NOTE: remove QUESTONO from my email address for direct emailing

 

[Kevin H. Stecyk]

Lonnie M. wrote...

Keven, try one of the two examples, be sure to at least use parenthese
when declaring the array:

Dim sSpreadShtNameRng() As String '\Range Name1
Dim sPwdNameRng() As String '\Range Name2
Dim sWriteResPwdNameRng() As String '\Range Name3

No, I don't think I should not be putting() because these are simply
strings. They are not an array It is a string, which is the name of the
range on Hidden spreadsheet which contains 5 values per range.

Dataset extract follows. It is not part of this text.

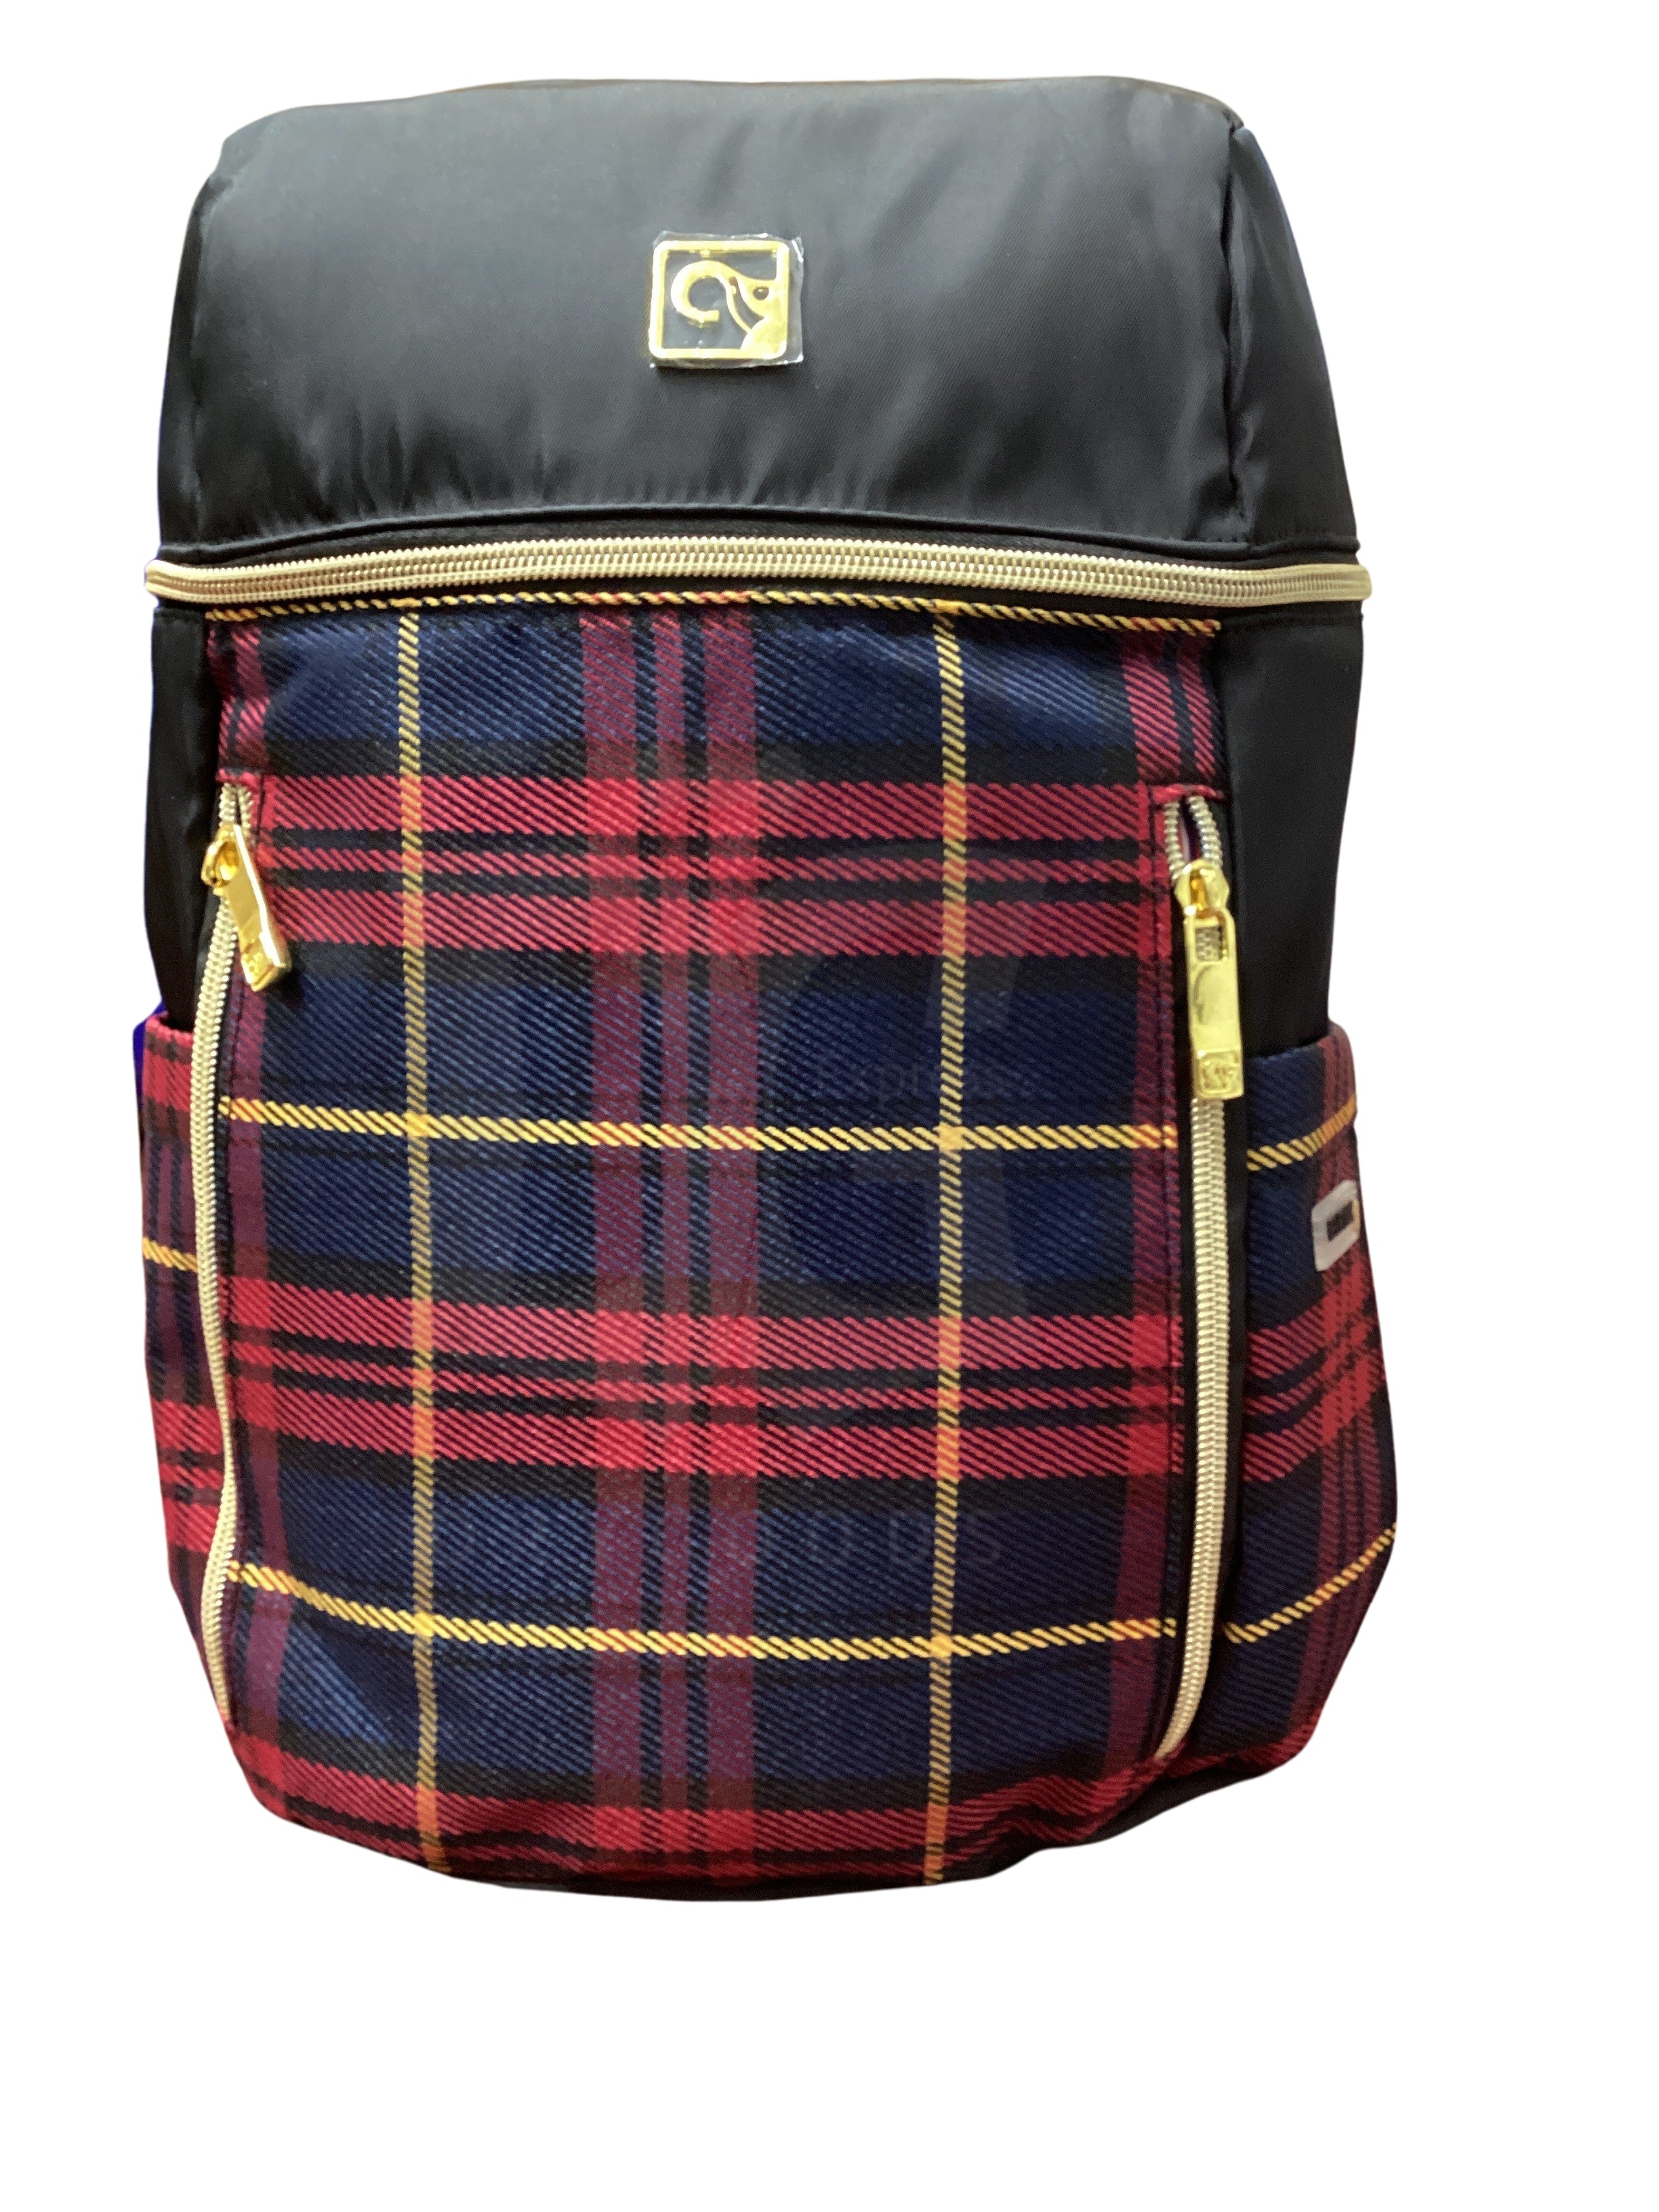 Elesac Briefcase Red Navy Yellow Plaid Backpack

ReDim Preserve vaSpreadShtName(1 To 5) 'for dynamic (1 To
VarriableHere)
ReDim Preserve vaPwd (1 To 5)
ReDim Preserve vaWriteResPwd(1 To 5)

I tried this but I got the same error message.

Run-time error 9, subscript out of range. I wished it worked. Then my
problem would be solved.

OR...

Dim sSpreadShtNameRng(5) As String '\Range Name1
Dim sPwdNameRng(5) As String '\Range Name2
Dim sWriteResPwdNameRng(5) As String '\Range Name3

There is only one sSpreadshtNameRng, which is xrnSpreadShtNameCC. There are
not five of them. So I don't think this is my trouble spot here in that I
need to create an array.

I must be doing something that is wrong, but I am not sure what it is.

Thank you for trying.

Regards,
Kevin

 

[Lonnie M.]

Hi, Tom Ogilvy posted a similar example to what you are trying to do:

Dim vArr as Variant
vArr = Range(Cells(1,1),Cells(1,1).end(xldown))
for i = lbound(varr,1) to ubound(varr,1)
debug.print i, varr(i,1)
Next


You must pick up a range as a variant variable, which will then contain
the
array.


The array is always two dimensional, even for a single column.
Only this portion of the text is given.